What is it about our countrymen that makes us natural transgressors of each others’ domain? While it is only a trifle irksome or at best annoying at the personal level, the consequences are alarming at the state level.

The different ministries need to work in concert, the wings of services have to be in partnership, and the law makers need to bring the aspirations of the people into what can be termed as national pride.

There is space, volume and need for everybody but certainly not at the expense of each other. The time has, therefore come, to create a new paradigm. On the face of it, not so much as to create a new one, rather to restore, respect and harness a transformation from separation of powers to a healthy and respectful collaboration of powers.

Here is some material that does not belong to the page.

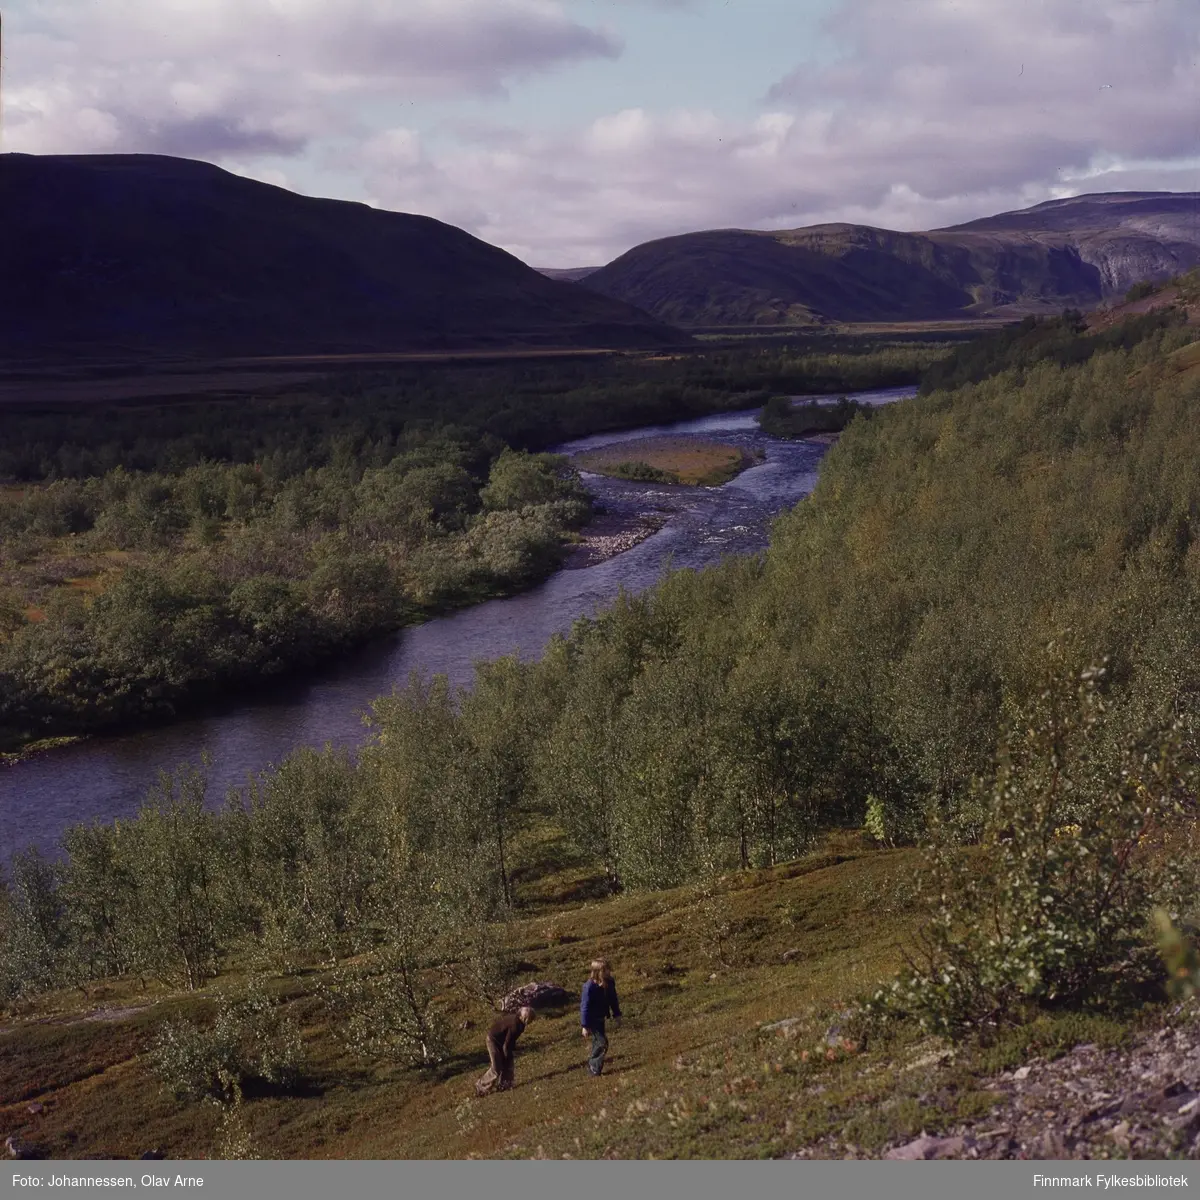 Foto av elv og skog med fjell i bakgrunnen

Muligens Syltefjordelven (Finnmark) på1970-tallet

Afterall, are they not all working for the same country, the same people and the same nationally desirable objectives? It beats one’s best intelligence estimates, as to why there is so much cross purpose volleying between the legislature, executive and judiciary. One must create equitable laws, the other must implement them compassionately and the third must deliver justice. Instead, what we see is a plethora of archaic laws implemented selectively and at the end there is very little justice done.

The three touch-me-not fortresses have so far only sought unquestioned supremacy for their individual bastions. The legislature demands supremacy as it represents the will of the people. The executive seeks to ride on the shoulders of the legislature, demanding insulation from all accountability so that it can ostensibly create policy without fear or favour. And for preserving the sanctity of the legislature, you have to have a completely independent judiciary, independent of the executive and the legislature and occasionally independent of itself too.

How can an ancient civilization completely forget that only a harmonium can produce pleasant resonance while pandemonium produces just the opposite? Everything about good governance revolves around harmony and only bad governance comes out of a tug of war.

A provocative book was published in 1998 titled Can Asians Think’? The author Kishore Mahbubani was led to ask this fundamental question because of his dismay with the Asian societies who have slipped behind the western ones, despite being ahead at the turn of the last millennium. For, what one sees all around would tend to reinforce the doubts embedded in the question, Can Asians think well, we do think, but do we really think through?’

Optimists, who are in a minority, anyway, say that we are strong enough and also sensible enough to take entire cross currents, social and political streams, in our stride. Besides, a provocative debate of these issues shows the vibrancy of our thinking rather than the lack of it.

Pessimists would like us to be wary of the consequences of a seemingly heated dialogue because it is provocation that will kill all debate and lead to impositions of an unwelcome kind. Who wants the three wings of the state to be at war when they have to be at peace for our prosperity Surely, in our country we need this more than anything else.